Monash University, Australia

Preface

This book is under development. Please don’t ask me when it will be finished — I have to fit this around my other work. In the meantime, I hope the incomplete book is useful.

This book is about tools and techniques for finding and understanding anomalies. We will begin with some simple data sets containing only one variable, and build up slowly to much more complicated data. We will cover popular but inadvisable methods to identify anomalies (pointing out their shortcomings), as well as more reliable and recommended approaches.

The book is written for two audiences: (1) people finding themselves doing data analysis without having had formal training in anomaly detection; and (2) students studying data science.

I will assume a knowledge of statistics and probability at about second year undergraduate level. So if you’ve done a couple of statistics subjects, and are familiar with multiple regression, hypothesis tests and probability distributions, then you should be prepared for what follows.

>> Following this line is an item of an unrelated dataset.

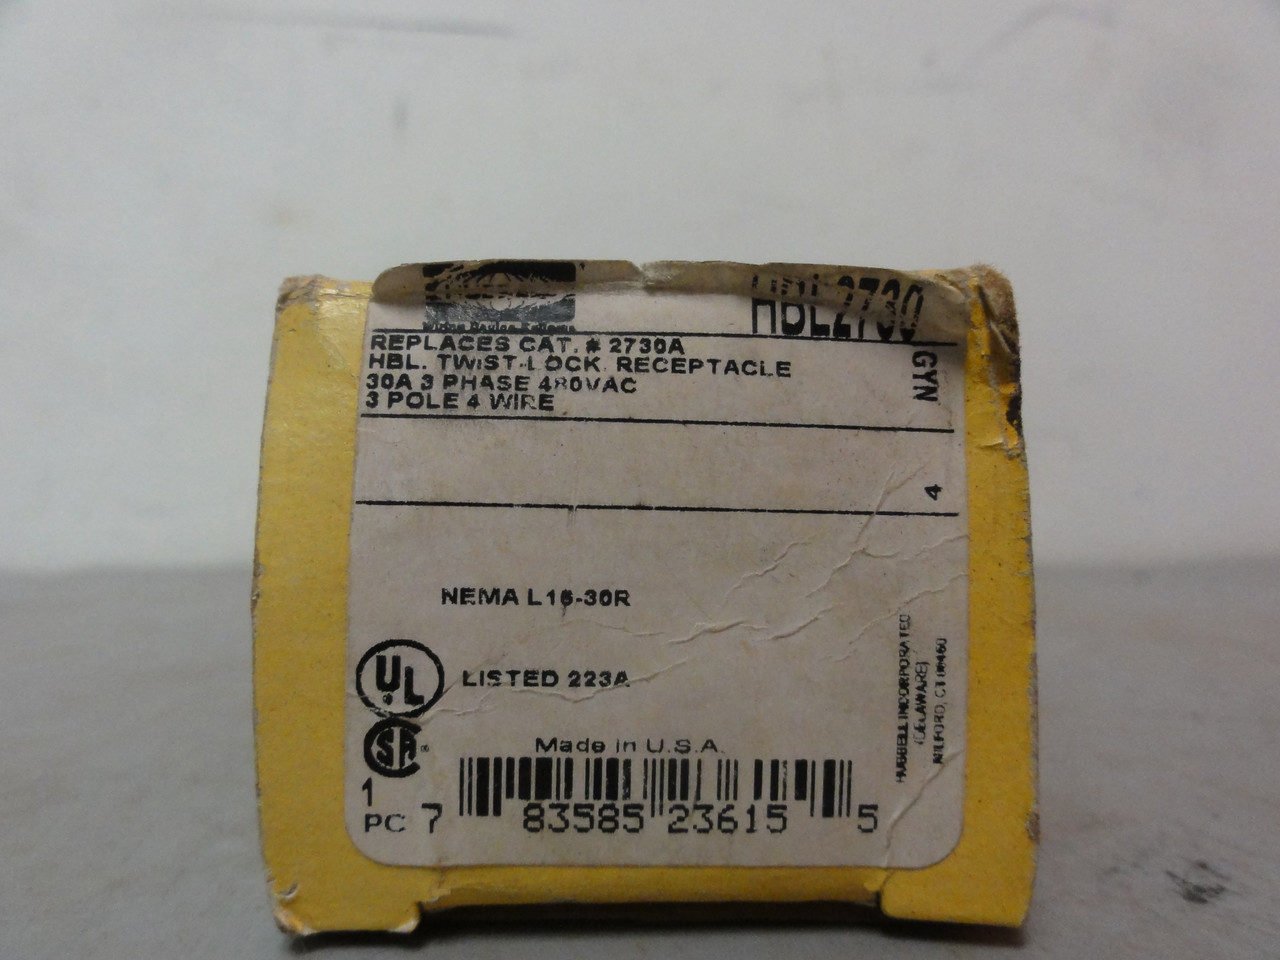 Hubbell HBL 2730 Twist Lock Receptacle 3 Pole 4 Wire 30A 40V- New (Open Box)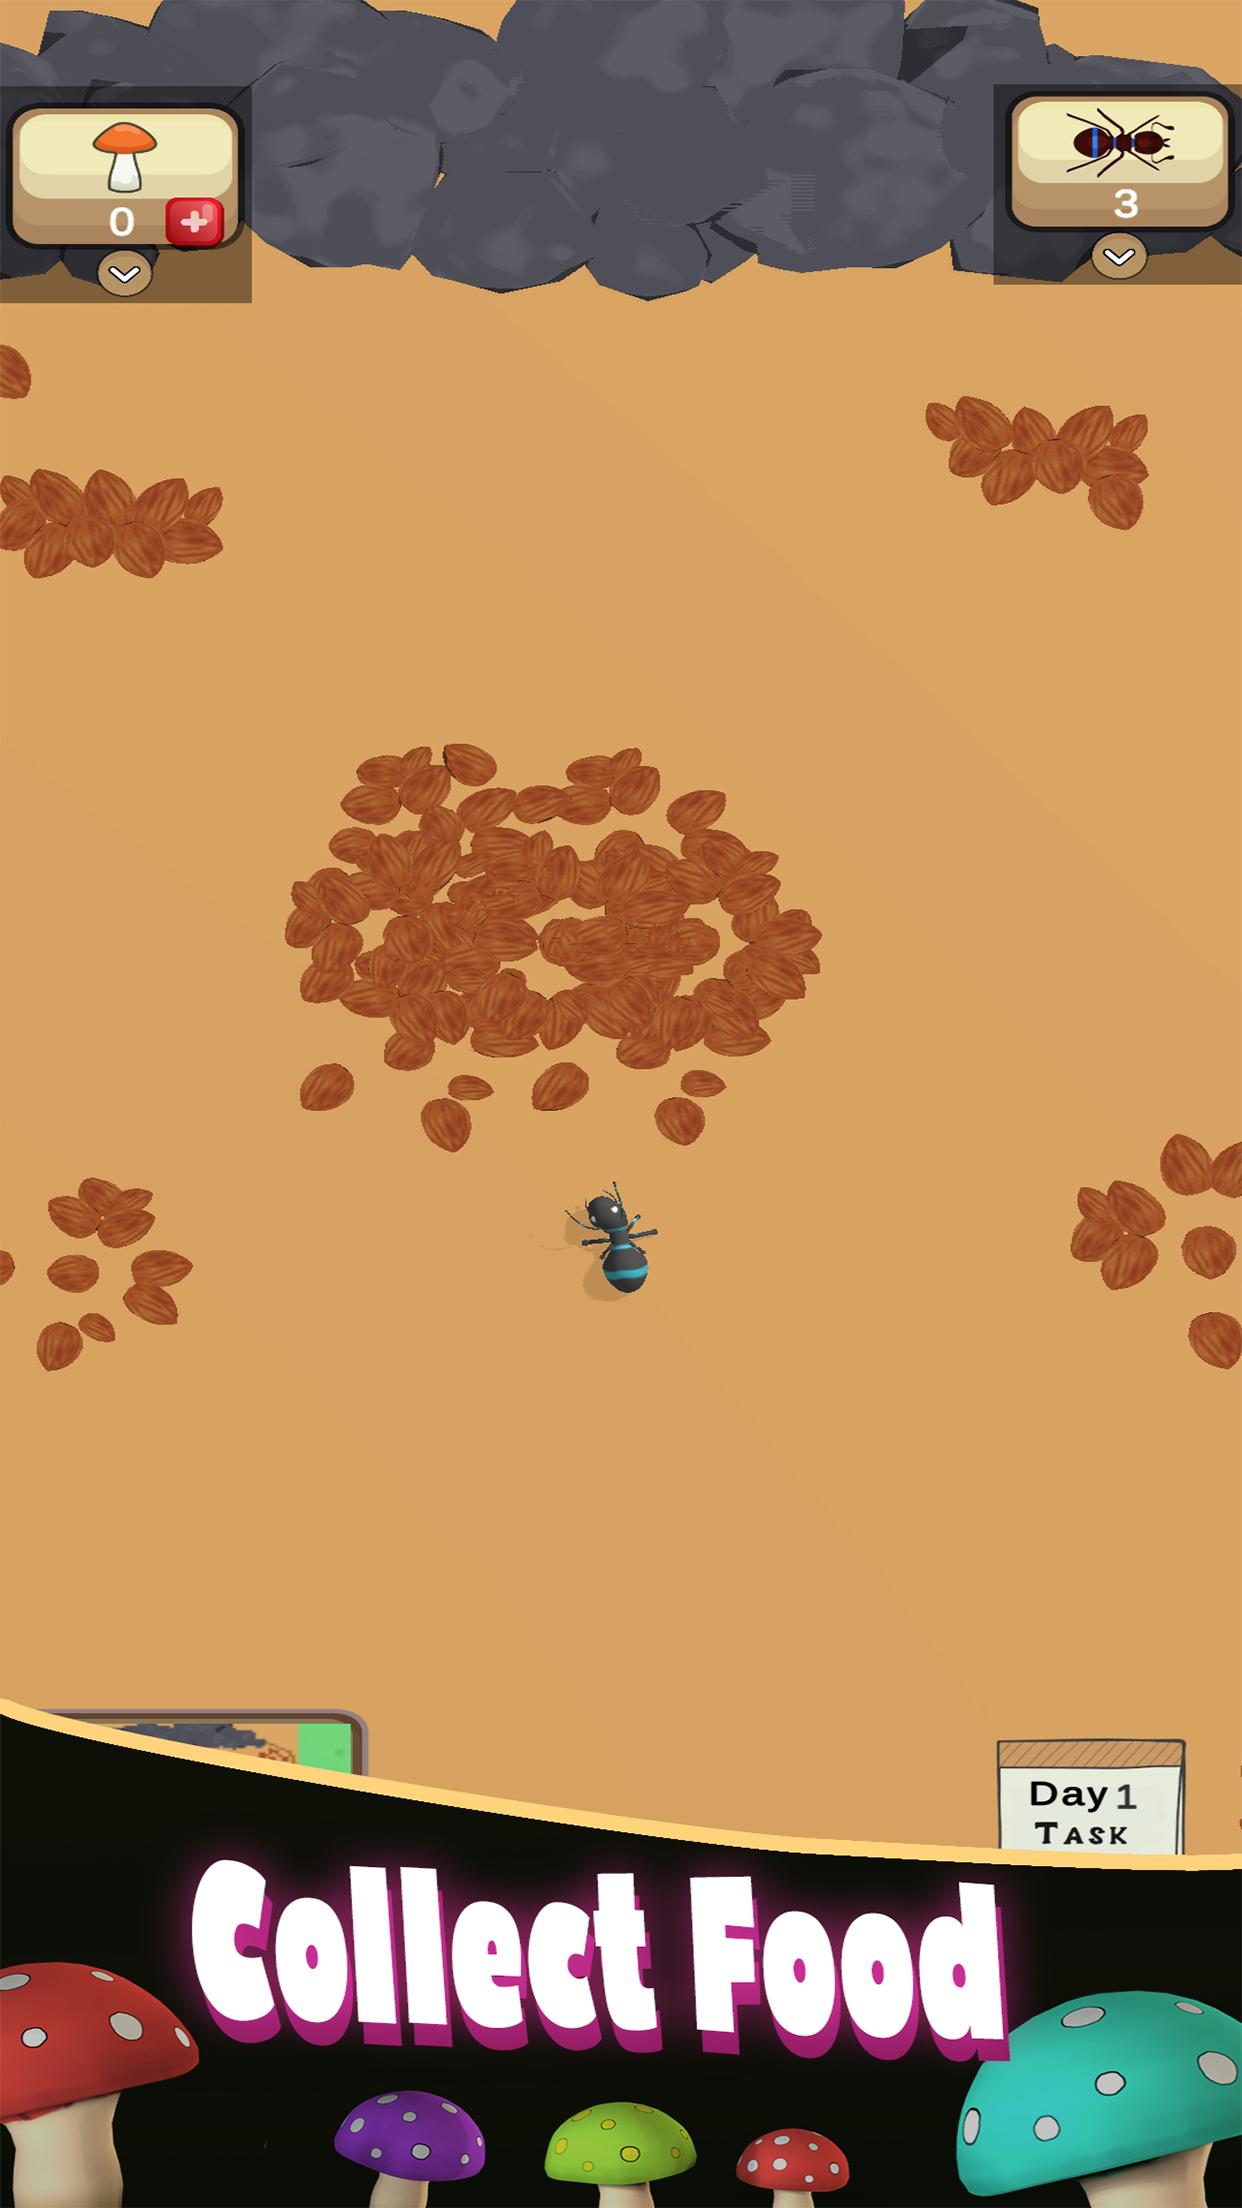 Ant Colony 3D: The Anthill Simulator Idle Games 2.7 Screenshot 4

I will also assume some basic knowledge of matrix algebra; some of the matrix results we use are provided in Appendix A — Matrix algebra.

R

I will also assume that you already know how to use R and are familiar with the tidyverse packages such as dplyr, tidyr and ggplot2.

All R examples in the book assume that you have loaded the weird package first:

# remotes::install_github("robjhyndman/weird-package")
library(weird)

This will load the relevant data sets, and various other packages needed to reproduce the examples.

 

Rob J Hyndman
December 2023